The method was originally developed for analysis in case of an incident. If a foodstuff starts to cause illness, the method can be used to find signals from additional chemical components compared to a prior or similar sample. These signals can then be used as a first step to identify the new compounds. For instance, if a brand of orange juice starts to cause illness, it can be compared to other brands of orange juice to determine whether any additional compounds are present which may have caused the illness. Once additional signals have been found, these compounds can be identified and their source can be located.

We anticipate that a similar approach also can be used routinely for screening, batch control and similar analysis settings, for instance by using a multivariate control chart and determine presence of new peaks of significant intensity. Principal component analysis (PCA) of the aligned dataset revealed that the different brands did not form separate groups. While there are 90 peaks that vary significantly between the brands, their variance is masked by that of the other peaks in a mean-centred PCA. A PCA of the 90 significant peaks separates the three brands. However, we aim to find deviating analytes rather than to classify the brands. Low variance between the brands simplifies the detection of a potential new chemical hazard as a different brand could be used as a comparative sample with low risk of false positives. If the brands had formed separate groups, we might have found peaks unique to each brand. When the dataset was scaled by dividing each variable by its mean, the spiked samples separated into different principal components based on the number of added compounds (Fig. 3). Notably, data for the sample spiked with a single contaminant still clearly separated even though the chromatograms contained many false peaks compared to the number of peaks from the contaminant. This can be explained by the fact that peaks in the noise are not correlated, whereas sulfadoxin gave a total of 11 strongly correlated peaks. The correlation structure is captured by the PCA and that singles out the contaminated sample. The purpose of scaling the dataset was to determine whether the spiked samples could be separated. Intense peaks present in only one or a few samples dominate the variance and those samples are observed as outliers by extreme score values or high residuals. This kind of scaled PCA may be used for creating a sensitive multivariate control chart.

Fig. 3
figure 3

PCA score plot using aligned and scaled data. The first three components separate the three spiked samples from the rest of the dataset (+ Brämhult, × Tropicana, ∇ Willys)

Conclusions

The results demonstrate that it is possible to detect potential contaminants and, in general, non-targeted compounds in complex samples without prior knowledge of which compounds are present. All model compounds that were compatible with the LC–MS method were detected. We conclude that the method can be used to identify new or unexpected chemical hazards in food.
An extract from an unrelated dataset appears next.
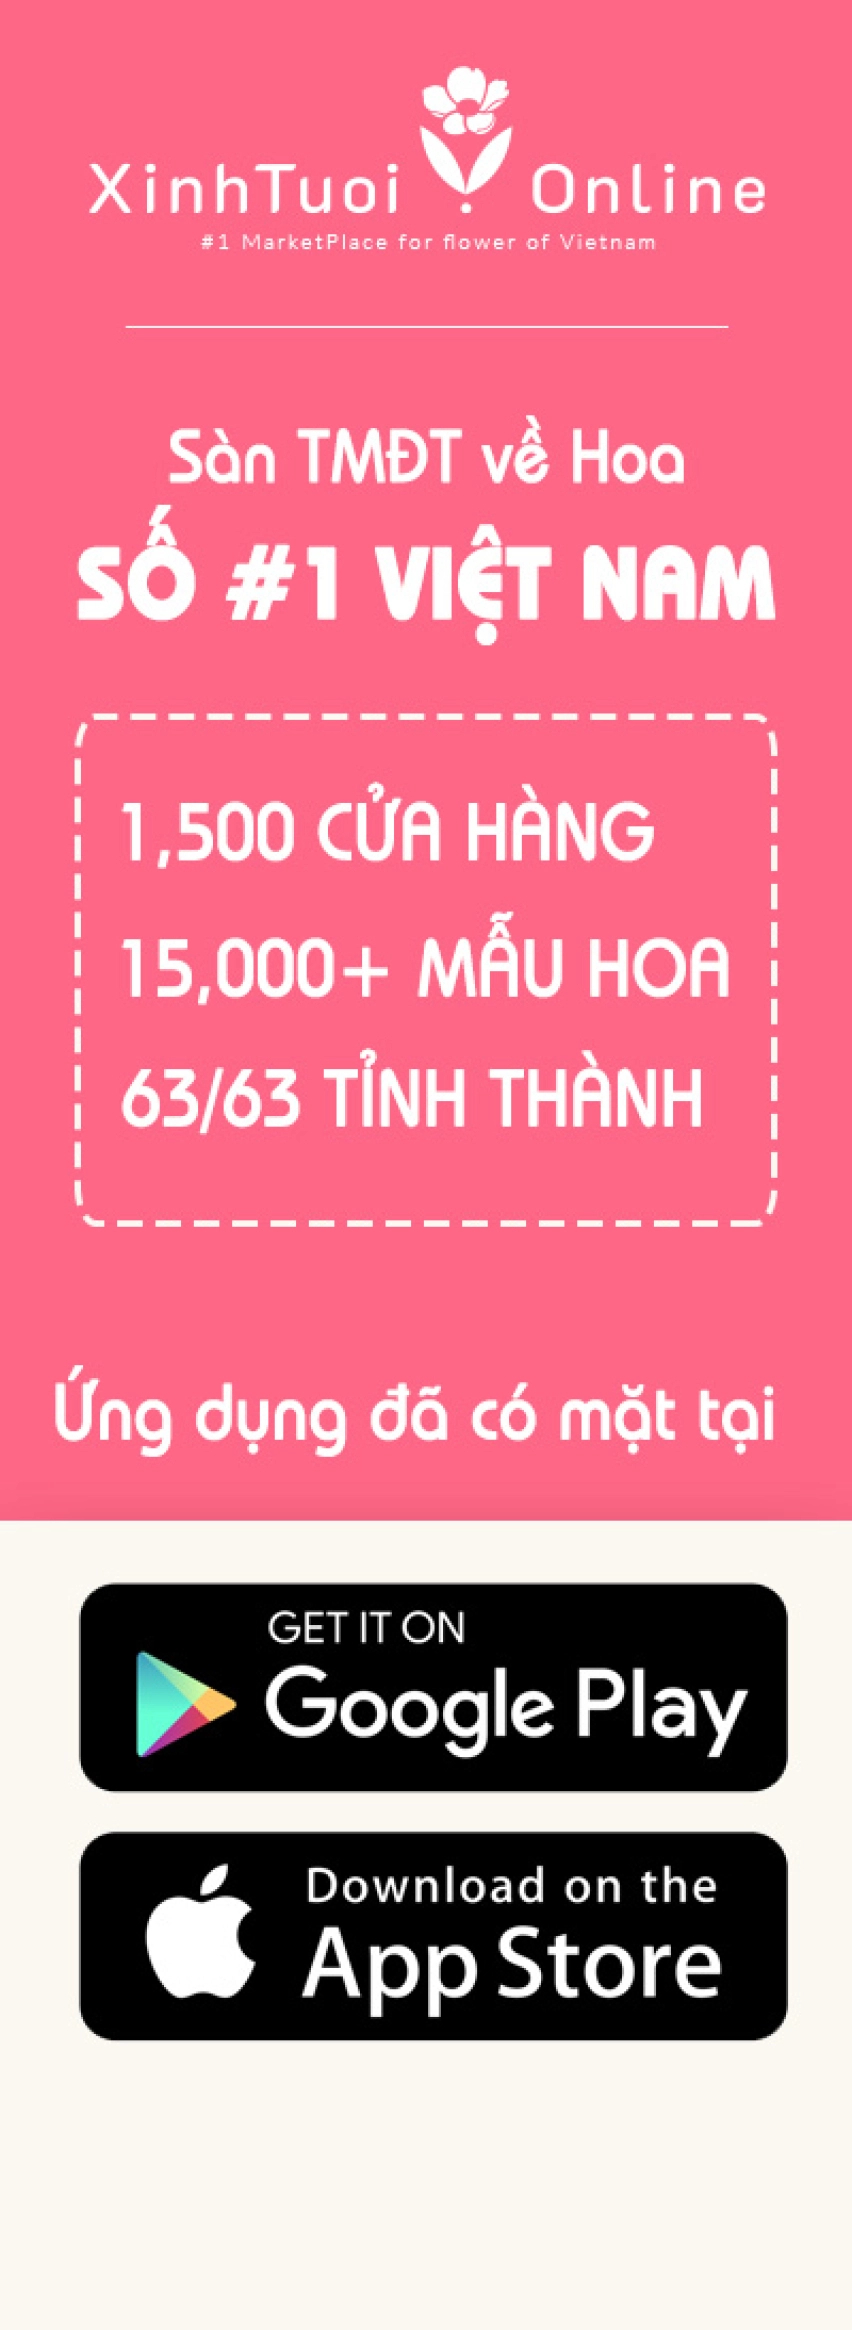 Xinh Tươi Online - Sàn TMĐT Về Hoa Số #1 Việt Nam

Technical replicates were critical for the data analysis. Because of the size of the dataset, several noise peaks were detected, but by comparing replicates, these could be discarded. Thus, the technical replicates act as a powerful filter to produce a more adequate peak list from one originating from an overly sensitive peak detection. The peak detection procedure requires an experienced analyst: parameter values need to be set so that all analyte peaks are detected but with as few false-positive results as possible.

The results of the data analysis suggested that there was little brand-to-brand variation between the three brands of orange juice tested. Future work will entail using the method to analyse datasets for more heterogeneous food matrices.